Eu cá nunca me tinha dado conta que recomendávamos tanta paciência uns aos outros e, ademais, éramos tão plenos de suspiros! Mas é bem verdade. A mais comum das exclamações é mesmo capaz de ser esta, exceptuando outras que, embora não seja de bom tom eu escrever no jornal são, paradoxalmente, as mais ouvidas na rua e das primeiras que qualquer estrangeiro aprende se quiser sobreviver em 70% dos ambientes de trabalho lusos.
Atacando o assunto: porque precisa o português de tanta paciência, sincopadamente suspirada? Eu também não sei!
Confesso, porém, que este hábito já vem de trás... Já a minha bisavó era amiga deste dito. Daqui concluo que o tão apregoado pessimismo português (repare-se que muito pessoal até diz “festa de fim de ano” e nunca “festa de princípio de ano” semanticamente tomando uns copitos pelo ano que passou e não pelo que há-de vir!) nem é bem pessimismo – é uma espécie de amortização da queda. Afinal, o português até quem consciência que vive no “melhor dos mundos possíveis”, como apregoava Leibniz. Simplesmente, de vez em quando lá aparece uma pedrinha no caminho – nada que um espírito navegante e conquistador como o nosso não resolva com meia dúzia de suspiros e caldos de paciência.

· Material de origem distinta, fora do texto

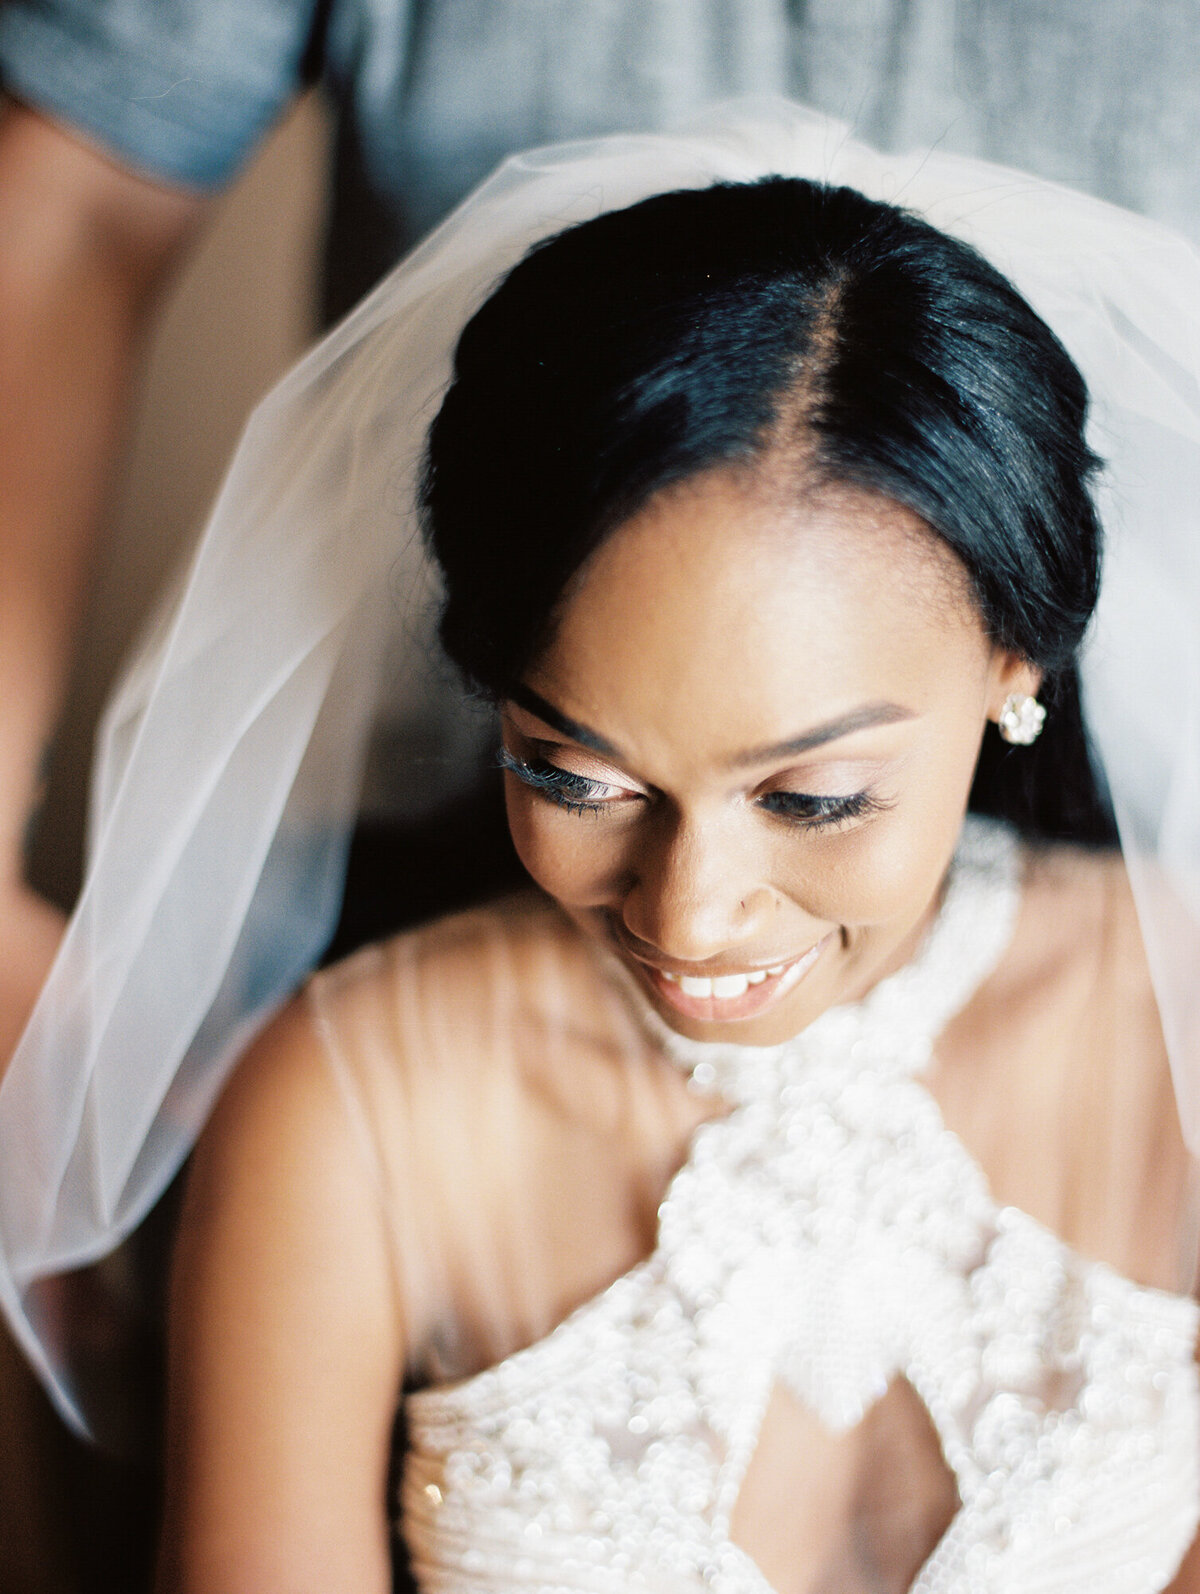 Bride inserting wedding veil in hair
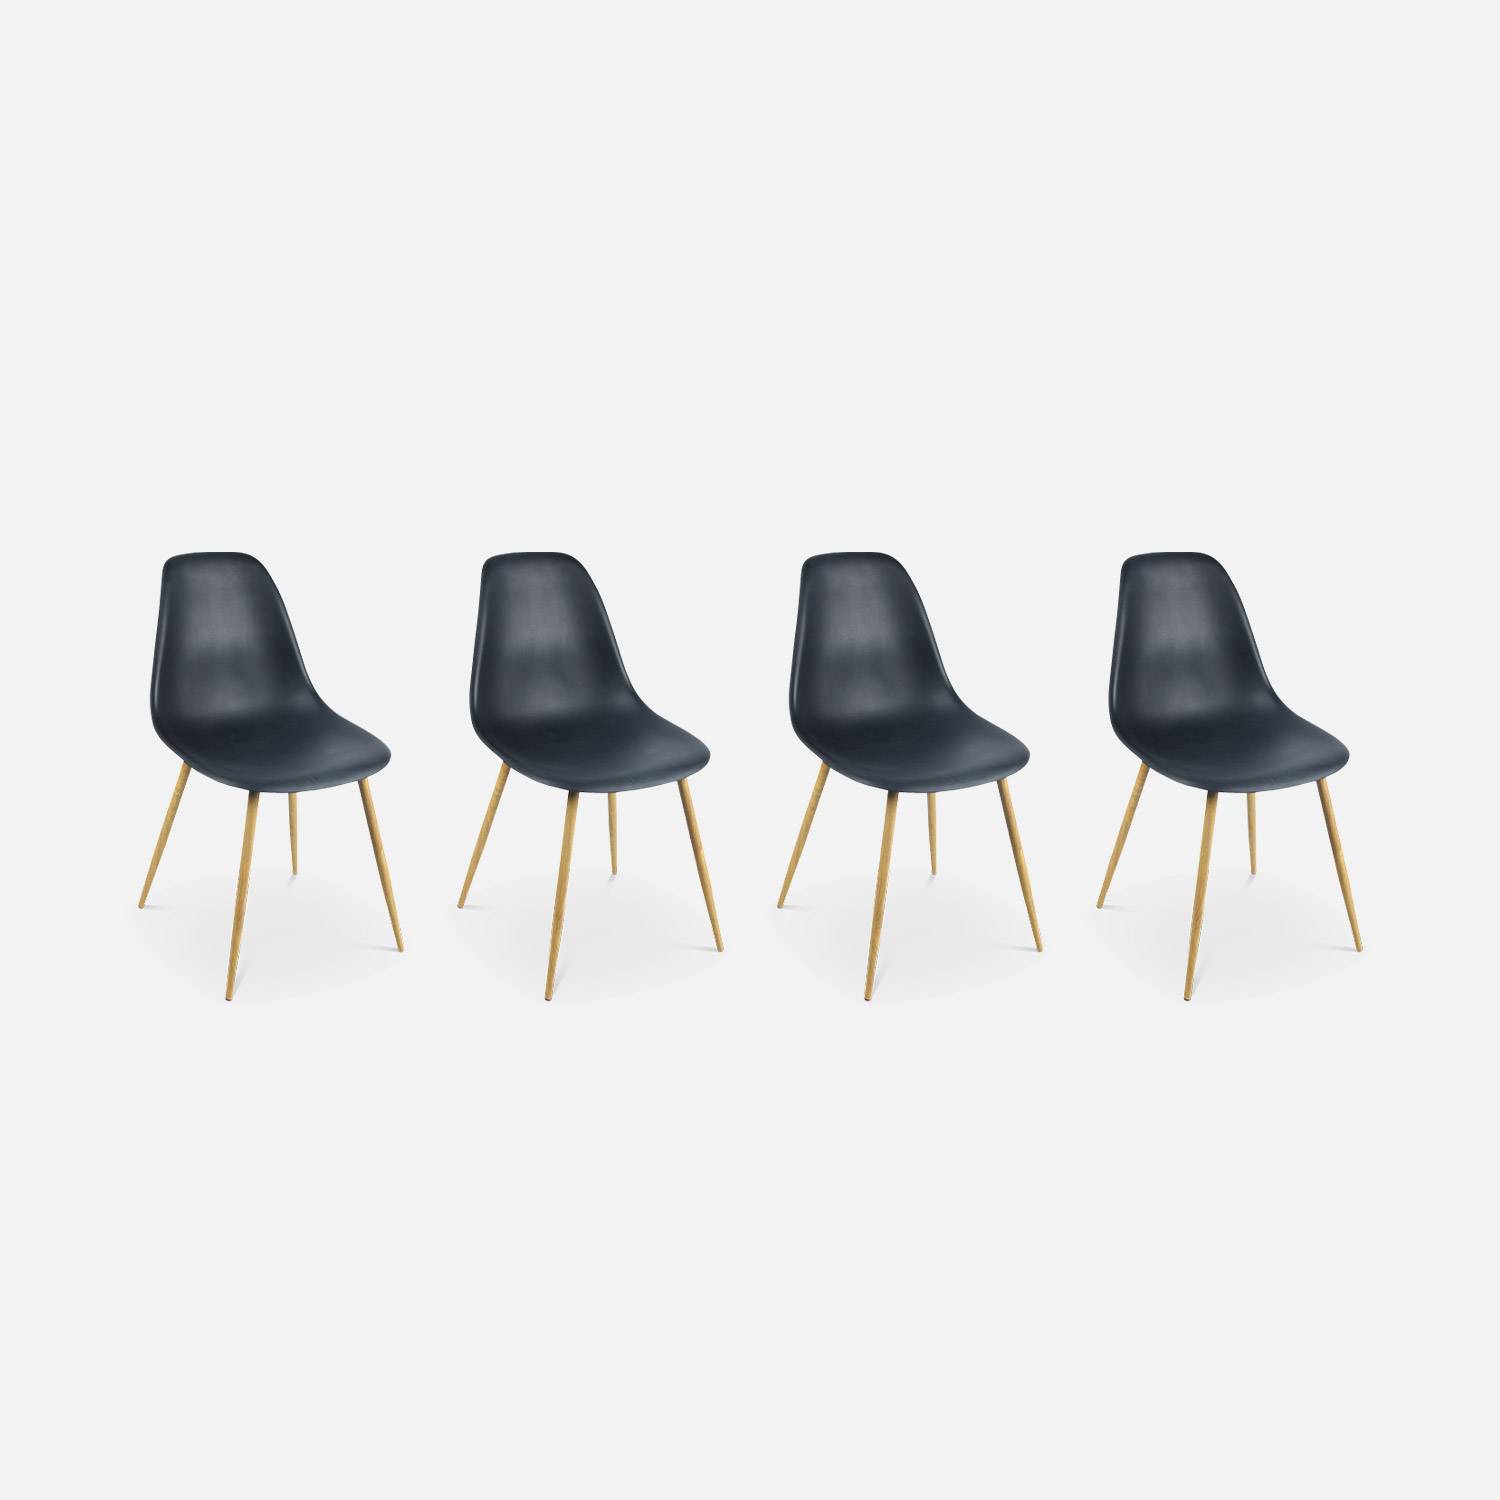 Rechthoekige eettafel zwart metaal 150cm + 4 eetkamerstoelen stoelen, houtkleurige metalen poten, zwarte zitting,sweeek,Photo4

Outra coisa que muito gostamos de fazer é chamar por Deus. Mas na base da confiança! Raros povos alcançaram um tu-cá-tu-lá com o divino como nós. Enquanto que, por exemplo, os espanhóis têm tanto respeitinho a Deus que, só de pensarem nele intensamente, há centenas de espanhóis que sofrem de stigmatae (vulgo, estigmas, aquelas feridas sanguinolentas e absolutamente inexplicáveis), os portugueses são tratados por Deus na pura, que é como quem diz, na maior descontracção. Os irlandeses, coitados, passam agruras do demo por quererem praticar a sua religião. Os portugueses estão sempre na boa e contam-se pelos dedos os fiéis. Há pessoal nas Filipinas que se esfola todo para demonstrar a Deus que sofre por Ele, tal como Ele. O português não está nem aí para demonstrações de nenhuma espécie. O português acha que se alguém tem de demonstrar alguma coisa é Deus, não é ele. Mas, verdade seja dita, não se chateia se a demonstração levar anos ou mesmo não acontecer porque temos tempo... e sol e temperaturas amenas (vide primeiro parágrafo). Em suma: somos um convite à lazeira.
Assim, apesar de não darem troco nenhum a Deus, não é raro ouvir os portugueses chamar pela mãezinha d’Ele: “Oh Virgem Maria!”, ou outros de Sua proximidade “Ai santa Bárbara! Que escuridão”, etc, revelando uma clara familiaridade com as entidades celestiais. Eis a minha exclamação favorita: “Oh Jesus Cristo! Anda cá abaixo ver isto!” que, não só rima, como é uma espécie de invocação imperativa que sujeita o pobre Jesus a ser humano e a passar por aquelas desgraceiras todas outra vez.
Mesmo os ateus e os não-católicos (como eu) se saem às vezes com frases destas. Aqui, não é preciso uma epifania para entender o porquê: é que ninguém tem bem a certeza (excepção honrosa feita ao meu irmão) de haver ou não Reinos que não sejam deste Mundo – perdão, João de Melo. Assim, o português arranjou um truque fixe que é o de tratar Deus como um amigalhaço, na onda cool e tal, porque, assim, se Ele não existir não fez figura de parvo a dedicar-se-Lhe e se Ele existir, o tuga já fez o seu papel. Tudo salvaguardado.
Os próprios ateus (com raríssimas excepções) costumam dizer que “não acreditam em Deus mas numa entidade superior que nos criou” o que é a mesma coisa que um oriental dizer que não acredita no Buda mas admite a existência de um manda-chuva gordo e careca, sentado à chinês...
Senhores, resolvam-se. No sítio. Senão, é preciso vir Jesus cá abaixo ver isto. Até que se resolvam, a gente vai ter muita, muita paciência... (suspiro!).